AIM OF THE EXERCISE
Records appear below. Give all of them again, exactly.

GIVEN ENTRIES

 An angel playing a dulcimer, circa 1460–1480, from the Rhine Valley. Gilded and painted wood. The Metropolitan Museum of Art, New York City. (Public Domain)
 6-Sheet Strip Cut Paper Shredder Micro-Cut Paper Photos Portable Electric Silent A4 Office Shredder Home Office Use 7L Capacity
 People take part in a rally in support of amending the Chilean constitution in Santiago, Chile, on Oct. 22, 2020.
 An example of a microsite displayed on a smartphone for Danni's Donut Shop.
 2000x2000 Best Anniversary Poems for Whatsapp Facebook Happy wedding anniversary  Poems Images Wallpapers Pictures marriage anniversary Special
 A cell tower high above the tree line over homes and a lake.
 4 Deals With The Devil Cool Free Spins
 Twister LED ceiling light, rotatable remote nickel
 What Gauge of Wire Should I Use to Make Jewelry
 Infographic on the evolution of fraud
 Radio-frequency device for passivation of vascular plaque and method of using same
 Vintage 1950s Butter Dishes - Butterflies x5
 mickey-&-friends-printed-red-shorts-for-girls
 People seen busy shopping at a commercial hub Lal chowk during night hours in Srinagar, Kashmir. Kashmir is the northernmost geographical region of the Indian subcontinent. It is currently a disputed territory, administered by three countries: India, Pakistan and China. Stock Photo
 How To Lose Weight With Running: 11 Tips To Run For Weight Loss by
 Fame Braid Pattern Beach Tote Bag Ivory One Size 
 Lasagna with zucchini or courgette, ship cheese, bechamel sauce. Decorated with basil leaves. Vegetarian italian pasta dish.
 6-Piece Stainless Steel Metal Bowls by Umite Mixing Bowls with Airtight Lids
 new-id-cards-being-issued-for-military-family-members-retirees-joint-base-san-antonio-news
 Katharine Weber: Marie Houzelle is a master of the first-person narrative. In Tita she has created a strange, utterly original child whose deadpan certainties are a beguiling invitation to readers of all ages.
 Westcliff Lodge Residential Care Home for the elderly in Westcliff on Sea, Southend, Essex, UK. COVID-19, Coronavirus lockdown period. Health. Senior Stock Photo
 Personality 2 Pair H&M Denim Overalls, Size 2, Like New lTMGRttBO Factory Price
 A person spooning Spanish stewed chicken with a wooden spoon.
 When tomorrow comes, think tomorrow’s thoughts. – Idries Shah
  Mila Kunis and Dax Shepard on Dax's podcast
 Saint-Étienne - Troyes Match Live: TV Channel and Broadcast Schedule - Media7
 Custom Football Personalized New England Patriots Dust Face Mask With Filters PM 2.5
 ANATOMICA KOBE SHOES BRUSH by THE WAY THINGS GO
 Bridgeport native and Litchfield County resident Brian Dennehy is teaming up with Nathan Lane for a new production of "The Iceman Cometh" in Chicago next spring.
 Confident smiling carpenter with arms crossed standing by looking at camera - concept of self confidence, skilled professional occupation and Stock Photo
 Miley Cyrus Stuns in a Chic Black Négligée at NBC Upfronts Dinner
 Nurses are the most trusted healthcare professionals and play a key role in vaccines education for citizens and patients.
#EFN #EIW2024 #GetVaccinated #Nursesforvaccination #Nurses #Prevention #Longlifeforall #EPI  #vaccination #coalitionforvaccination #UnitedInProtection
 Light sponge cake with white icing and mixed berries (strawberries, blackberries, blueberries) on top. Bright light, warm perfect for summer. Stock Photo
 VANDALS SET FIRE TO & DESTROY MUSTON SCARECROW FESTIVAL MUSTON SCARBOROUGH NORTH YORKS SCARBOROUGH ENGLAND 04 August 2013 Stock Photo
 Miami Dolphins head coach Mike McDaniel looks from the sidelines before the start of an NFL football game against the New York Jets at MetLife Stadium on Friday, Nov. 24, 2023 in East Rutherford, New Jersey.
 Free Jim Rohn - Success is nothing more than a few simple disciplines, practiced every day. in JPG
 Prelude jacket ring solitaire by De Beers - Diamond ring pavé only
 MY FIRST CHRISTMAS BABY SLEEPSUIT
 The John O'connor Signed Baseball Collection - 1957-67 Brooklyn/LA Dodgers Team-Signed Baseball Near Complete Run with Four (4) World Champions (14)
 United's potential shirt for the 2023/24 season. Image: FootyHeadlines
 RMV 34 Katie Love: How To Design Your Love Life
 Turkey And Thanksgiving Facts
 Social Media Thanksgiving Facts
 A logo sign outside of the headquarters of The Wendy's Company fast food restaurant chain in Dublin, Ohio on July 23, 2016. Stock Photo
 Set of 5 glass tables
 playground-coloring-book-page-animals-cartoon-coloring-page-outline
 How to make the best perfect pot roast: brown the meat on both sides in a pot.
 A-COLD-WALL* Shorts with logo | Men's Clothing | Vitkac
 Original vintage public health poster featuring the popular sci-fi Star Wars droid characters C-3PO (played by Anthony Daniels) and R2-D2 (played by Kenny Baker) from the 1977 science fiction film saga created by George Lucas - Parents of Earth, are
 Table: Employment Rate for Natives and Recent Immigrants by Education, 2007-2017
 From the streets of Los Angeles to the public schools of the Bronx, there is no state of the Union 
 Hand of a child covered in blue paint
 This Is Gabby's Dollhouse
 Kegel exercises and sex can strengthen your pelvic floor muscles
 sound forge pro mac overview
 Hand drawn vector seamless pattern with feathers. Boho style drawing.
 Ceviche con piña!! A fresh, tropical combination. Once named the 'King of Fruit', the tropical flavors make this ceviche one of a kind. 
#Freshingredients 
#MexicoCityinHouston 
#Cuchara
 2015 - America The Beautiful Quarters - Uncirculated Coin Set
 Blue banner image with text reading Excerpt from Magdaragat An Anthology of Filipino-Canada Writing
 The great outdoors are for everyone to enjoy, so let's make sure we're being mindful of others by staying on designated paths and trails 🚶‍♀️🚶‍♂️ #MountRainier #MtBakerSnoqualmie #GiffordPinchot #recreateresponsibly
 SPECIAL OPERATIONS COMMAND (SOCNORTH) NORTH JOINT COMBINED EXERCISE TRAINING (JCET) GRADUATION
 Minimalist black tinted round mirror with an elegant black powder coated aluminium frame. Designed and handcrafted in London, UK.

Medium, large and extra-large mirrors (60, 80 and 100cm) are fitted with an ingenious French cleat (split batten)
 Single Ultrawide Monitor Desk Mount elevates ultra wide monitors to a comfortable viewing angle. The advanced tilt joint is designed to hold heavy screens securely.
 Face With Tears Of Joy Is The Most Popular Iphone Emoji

RESPONSE FOR THIS EXERCISE
 An angel playing a dulcimer, circa 1460–1480, from the Rhine Valley. Gilded and painted wood. The Metropolitan Museum of Art, New York City. (Public Domain)
 6-Sheet Strip Cut Paper Shredder Micro-Cut Paper Photos Portable Electric Silent A4 Office Shredder Home Office Use 7L Capacity
 People take part in a rally in support of amending the Chilean constitution in Santiago, Chile, on Oct. 22, 2020.
 An example of a microsite displayed on a smartphone for Danni's Donut Shop.
 2000x2000 Best Anniversary Poems for Whatsapp Facebook Happy wedding anniversary  Poems Images Wallpapers Pictures marriage anniversary Special
 A cell tower high above the tree line over homes and a lake.
 4 Deals With The Devil Cool Free Spins
 Twister LED ceiling light, rotatable remote nickel
 What Gauge of Wire Should I Use to Make Jewelry
 Infographic on the evolution of fraud
 Radio-frequency device for passivation of vascular plaque and method of using same
 Vintage 1950s Butter Dishes - Butterflies x5
 mickey-&-friends-printed-red-shorts-for-girls
 People seen busy shopping at a commercial hub Lal chowk during night hours in Srinagar, Kashmir. Kashmir is the northernmost geographical region of the Indian subcontinent. It is currently a disputed territory, administered by three countries: India, Pakistan and China. Stock Photo
 How To Lose Weight With Running: 11 Tips To Run For Weight Loss by
 Fame Braid Pattern Beach Tote Bag Ivory One Size 
 Lasagna with zucchini or courgette, ship cheese, bechamel sauce. Decorated with basil leaves. Vegetarian italian pasta dish.
 6-Piece Stainless Steel Metal Bowls by Umite Mixing Bowls with Airtight Lids
 new-id-cards-being-issued-for-military-family-members-retirees-joint-base-san-antonio-news
 Katharine Weber: Marie Houzelle is a master of the first-person narrative. In Tita she has created a strange, utterly original child whose deadpan certainties are a beguiling invitation to readers of all ages.
 Westcliff Lodge Residential Care Home for the elderly in Westcliff on Sea, Southend, Essex, UK. COVID-19, Coronavirus lockdown period. Health. Senior Stock Photo
 Personality 2 Pair H&M Denim Overalls, Size 2, Like New lTMGRttBO Factory Price
 A person spooning Spanish stewed chicken with a wooden spoon.
 When tomorrow comes, think tomorrow’s thoughts. – Idries Shah
  Mila Kunis and Dax Shepard on Dax's podcast
 Saint-Étienne - Troyes Match Live: TV Channel and Broadcast Schedule - Media7
 Custom Football Personalized New England Patriots Dust Face Mask With Filters PM 2.5
 ANATOMICA KOBE SHOES BRUSH by THE WAY THINGS GO
 Bridgeport native and Litchfield County resident Brian Dennehy is teaming up with Nathan Lane for a new production of "The Iceman Cometh" in Chicago next spring.
 Confident smiling carpenter with arms crossed standing by looking at camera - concept of self confidence, skilled professional occupation and Stock Photo
 Miley Cyrus Stuns in a Chic Black Négligée at NBC Upfronts Dinner
 Nurses are the most trusted healthcare professionals and play a key role in vaccines education for citizens and patients.
#EFN #EIW2024 #GetVaccinated #Nursesforvaccination #Nurses #Prevention #Longlifeforall #EPI  #vaccination #coalitionforvaccination #UnitedInProtection
 Light sponge cake with white icing and mixed berries (strawberries, blackberries, blueberries) on top. Bright light, warm perfect for summer. Stock Photo
 VANDALS SET FIRE TO & DESTROY MUSTON SCARECROW FESTIVAL MUSTON SCARBOROUGH NORTH YORKS SCARBOROUGH ENGLAND 04 August 2013 Stock Photo
 Miami Dolphins head coach Mike McDaniel looks from the sidelines before the start of an NFL football game against the New York Jets at MetLife Stadium on Friday, Nov. 24, 2023 in East Rutherford, New Jersey.
 Free Jim Rohn - Success is nothing more than a few simple disciplines, practiced every day. in JPG
 Prelude jacket ring solitaire by De Beers - Diamond ring pavé only
 MY FIRST CHRISTMAS BABY SLEEPSUIT
 The John O'connor Signed Baseball Collection - 1957-67 Brooklyn/LA Dodgers Team-Signed Baseball Near Complete Run with Four (4) World Champions (14)
 United's potential shirt for the 2023/24 season. Image: FootyHeadlines
 RMV 34 Katie Love: How To Design Your Love Life
 Turkey And Thanksgiving Facts
 Social Media Thanksgiving Facts
 A logo sign outside of the headquarters of The Wendy's Company fast food restaurant chain in Dublin, Ohio on July 23, 2016. Stock Photo
 Set of 5 glass tables
 playground-coloring-book-page-animals-cartoon-coloring-page-outline
 How to make the best perfect pot roast: brown the meat on both sides in a pot.
 A-COLD-WALL* Shorts with logo | Men's Clothing | Vitkac
 Original vintage public health poster featuring the popular sci-fi Star Wars droid characters C-3PO (played by Anthony Daniels) and R2-D2 (played by Kenny Baker) from the 1977 science fiction film saga created by George Lucas - Parents of Earth, are
 Table: Employment Rate for Natives and Recent Immigrants by Education, 2007-2017
 From the streets of Los Angeles to the public schools of the Bronx, there is no state of the Union 
 Hand of a child covered in blue paint
 This Is Gabby's Dollhouse
 Kegel exercises and sex can strengthen your pelvic floor muscles
 sound forge pro mac overview
 Hand drawn vector seamless pattern with feathers. Boho style drawing.
 Ceviche con piña!! A fresh, tropical combination. Once named the 'King of Fruit', the tropical flavors make this ceviche one of a kind. 
#Freshingredients 
#MexicoCityinHouston 
#Cuchara
 2015 - America The Beautiful Quarters - Uncirculated Coin Set
 Blue banner image with text reading Excerpt from Magdaragat An Anthology of Filipino-Canada Writing
 The great outdoors are for everyone to enjoy, so let's make sure we're being mindful of others by staying on designated paths and trails 🚶‍♀️🚶‍♂️ #MountRainier #MtBakerSnoqualmie #GiffordPinchot #recreateresponsibly
 SPECIAL OPERATIONS COMMAND (SOCNORTH) NORTH JOINT COMBINED EXERCISE TRAINING (JCET) GRADUATION
 Minimalist black tinted round mirror with an elegant black powder coated aluminium frame. Designed and handcrafted in London, UK.

Medium, large and extra-large mirrors (60, 80 and 100cm) are fitted with an ingenious French cleat (split batten)
 Single Ultrawide Monitor Desk Mount elevates ultra wide monitors to a comfortable viewing angle. The advanced tilt joint is designed to hold heavy screens securely.
 Face With Tears Of Joy Is The Most Popular Iphone Emoji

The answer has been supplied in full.